If you miss the #3 water bus you can take the 4.1 or the 4.2 which are both circular routes that run from the railroad station to Murano stopping at Fondamente Nove, San Zaccaria (close to Piazza San Marco and the Doge’s palace), San Michele the Cemetery island, and a dozen other stops.
If you’re adventurous you could hop off at the Cimitero stop and explore the cemetery for a bit.
I’ve heard you can find some interesting old graves and vaults on the island as well as the church of San Michele.
If you’re on the 4.1 or 4.2 the Murano stops are Colonna and Faro. I like to get off at Colonna and stroll my way to the center parts of the island eventually making my way on foot to the Faro stop.
If you find your self far from the railroad station then make your way to the San Zaccaria stop to take the 4.1 or 4.2. Or you can make your way to the Fondamente Nove stop and catch the #3. 4.1., 4.2, or 12.

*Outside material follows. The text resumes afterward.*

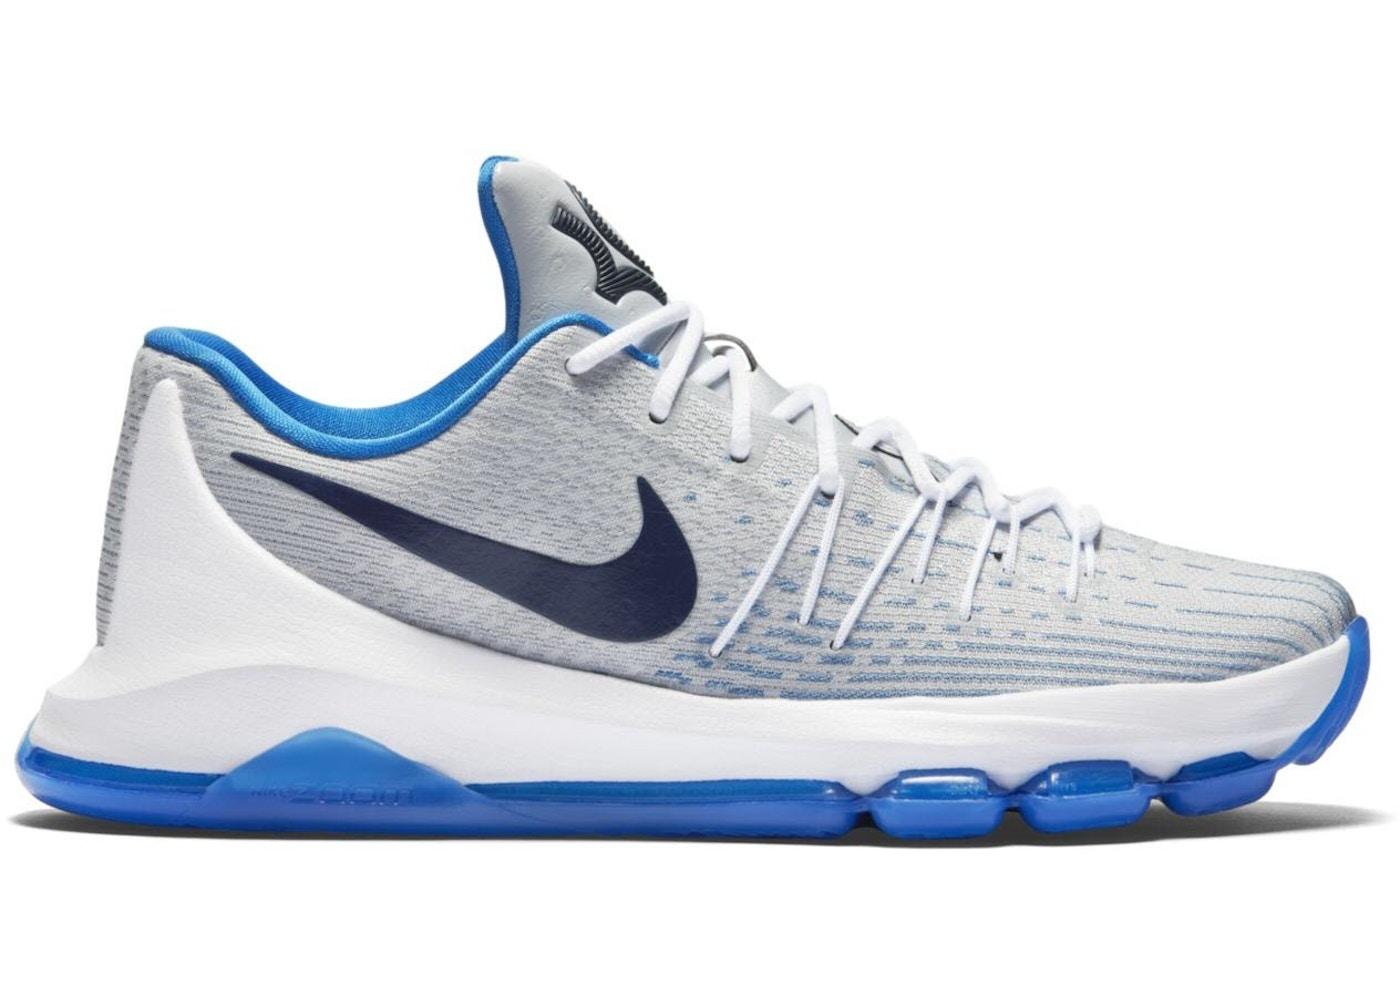 online store ea0f6 1c153 Nike KD 8 Shoes - Average Sale Price
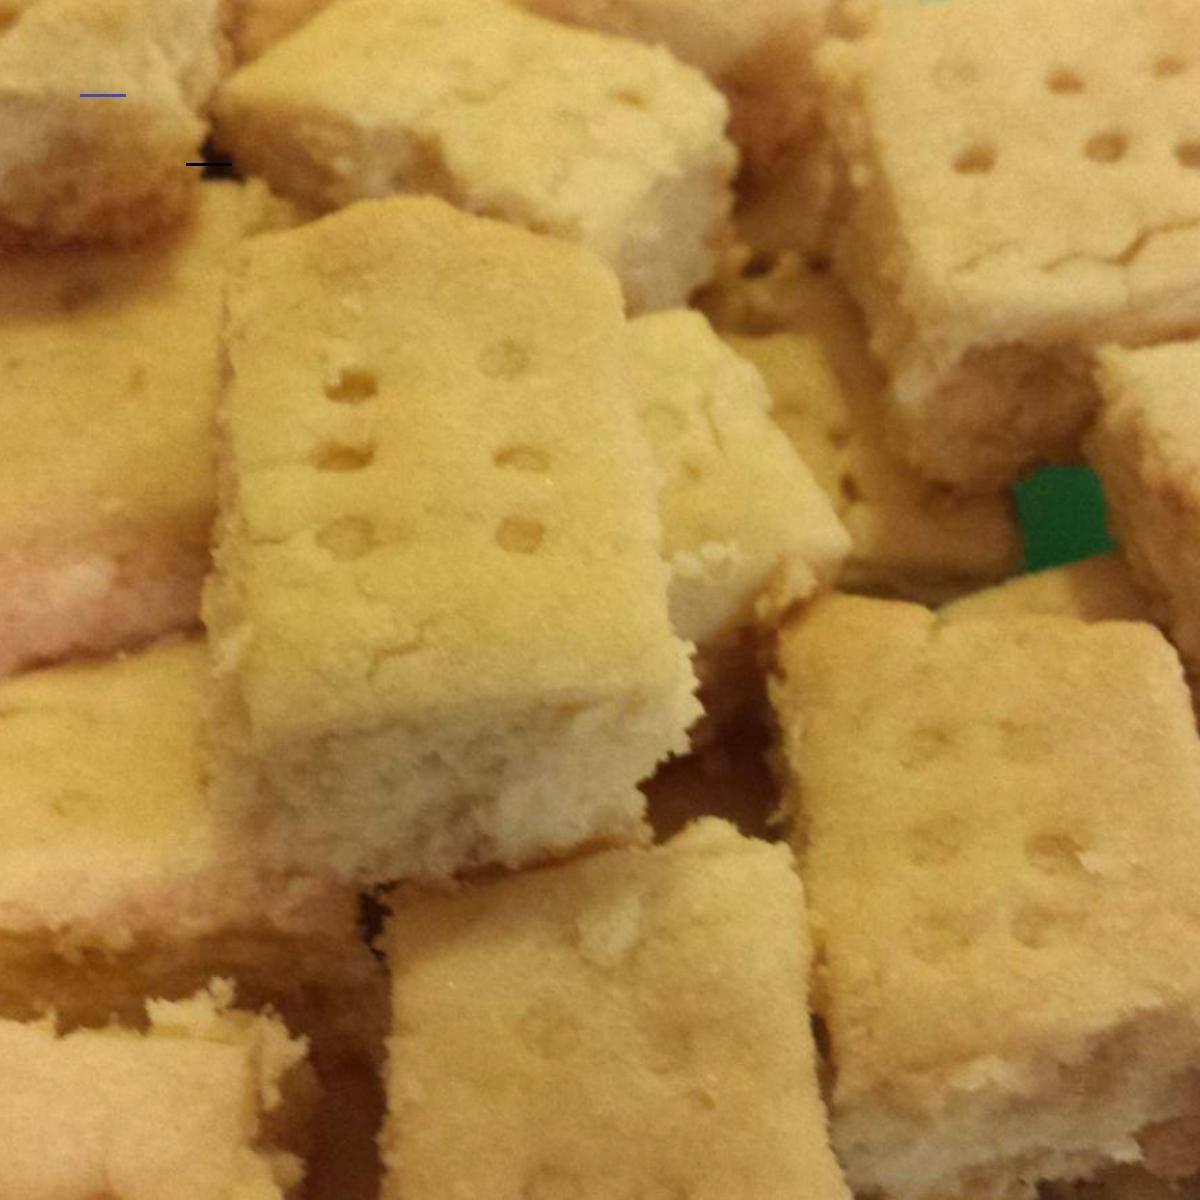 4e8379de51cc85ba5ecbdcbd0efca37f - Better Homes And Gardens Shortbread Cookies

If you’re around the train station then take the 4.1 or 4.2 to Fondamente Nove and transfer to the #12 to Burano, if you want to go to Torcello stay on the vaporetto after the Burano stop and get off on Torcello.
If you’re on Murano then make your way to the Faro stop and hop aboard the #12. It will take you to Burano, the ride is about 30 minutes.
For a great view of Burano get off at the Mazzorbo stop and walk over the bridge to Burano. It’s a nice walk and a great introduction to the picturesque island of Burano.
The easiest and least crowded way to get back from Burano to the train station or even the Piazza San Marco area would be to take the #12 from the Burano stop heading towards Murano. Get off at the Faro stop in Murano and transfer to the #3. This gets you to the train station or Piazelle Roma. If you take the 4.1 or 4.2 it will take you to San Zaccaria, from there it’s a short walk to the Basilica or the Doge’s Palace.